Tang Jie, Founder and Chief Scientist of Zhipu, shared his insights online about the burgeoning field of AI large models. He emphasized that this year might see breakthroughs in what he refers to as Long-Horizon Tasks—projects where AI agents need to operate continuously to accomplish complex goals.
He predicts that autonomous intelligent systems (AAS) will become the next pivotal frontier. While discussions last year centered around the rise of single-person companies, or OPC, the focus is shifting rapidly toward the emergence of companies with no employees (NPC). Achieving true AAS hinges on three core technological pillars: memory, lifelong learning, and self-judgment. For memory, solutions like extended context windows and retrieval-augmented generation (RAG) are promising.

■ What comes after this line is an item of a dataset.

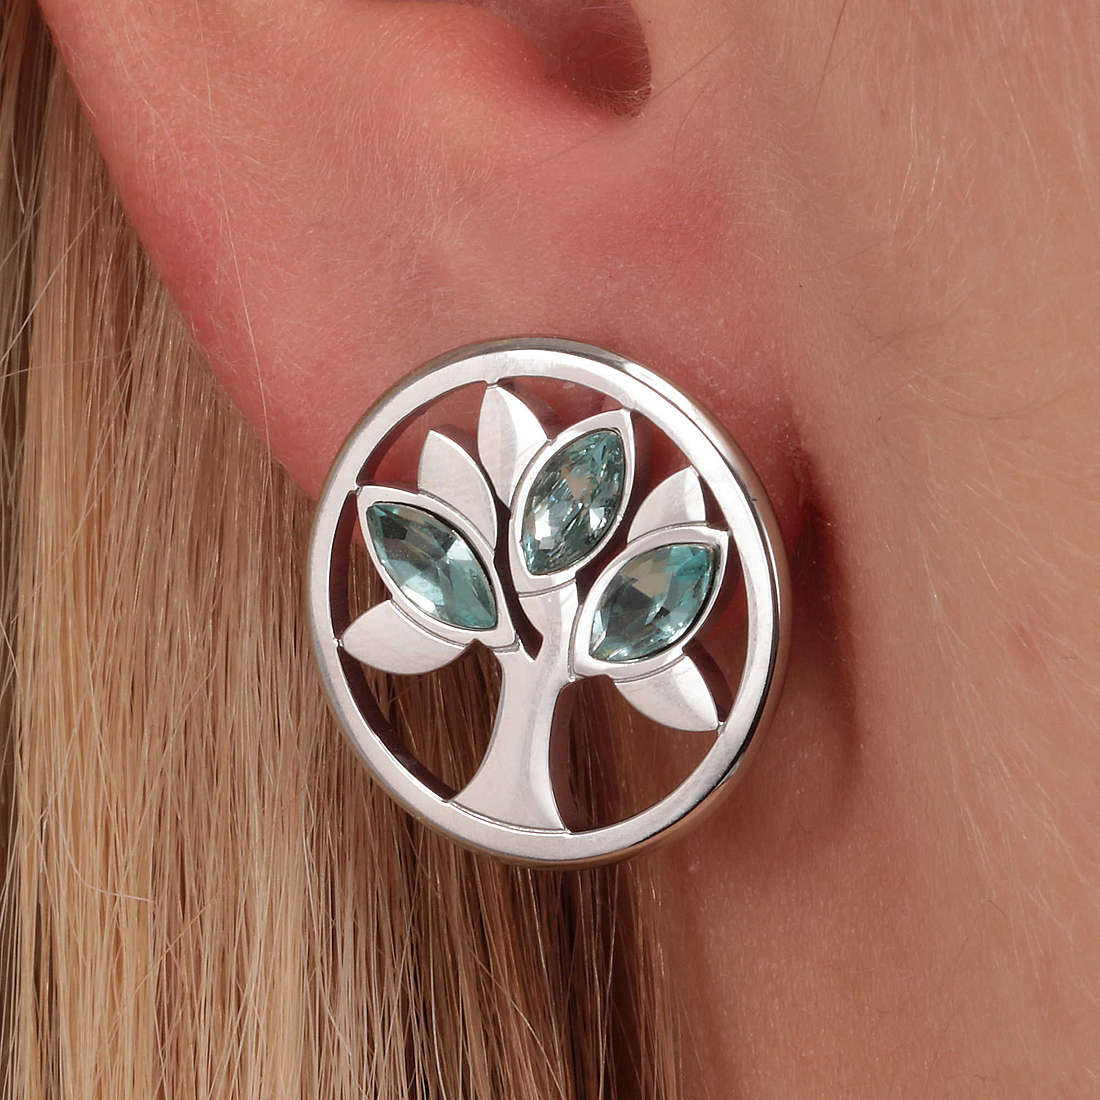 Morellato earrings Vita woman SATD22 wearing

Furthermore, shortening update cycles could serve as an indirect method to enable continuous learning. Both global and domestic AI models are seeing monthly upgrades, pushing the industry forward at an unprecedented pace. However, self-evaluation abilities of large models remain a significant challenge. Tang Jie pointed out that Anthropic’s Opus 4.7 has demonstrated early signs of self-correction and judgment capabilities.
He speculates that models like Claude might already have the ability to write their own code, clean data, generate synthetic datasets, and retrain themselves. Rumor has it that Anthropic plans to acquire around two million chips next year, likely dedicated solely to autonomous training tasks.
Tang insists that a baseline of around one million context tokens is essential and that memory and lifelong learning solutions could be achieved through challenging engineering feats. Currently, leveraging environmental control—known as harnessing environments—is viewed as a key breakthrough. Self-judgment represents a critical threshold, and achieving fully autonomous self-training could mark the ultimate evolution of large models.
During this transitional period, Tang emphasizes that every application must be rebuilt in an AI-native manner, potentially surpassing the traditional app concept altogether. The most profound challenge lies in redesigning the operating system itself. Instead of the conventional desktop interface, he envisions a future dominated by a large model-based OS, where applications are generated on demand.
Such a transformation would fundamentally challenge the long-standing von Neumann architecture—a system that has governed computing for nearly 80 years—and represents a revolutionary shift in the entire field of computer science.
Images accompanying the article depict Tang Jie and the revolutionary future of AI-driven computing, illustrating how these developments could dismantle and replace the traditional architecture with intelligent, adaptive systems.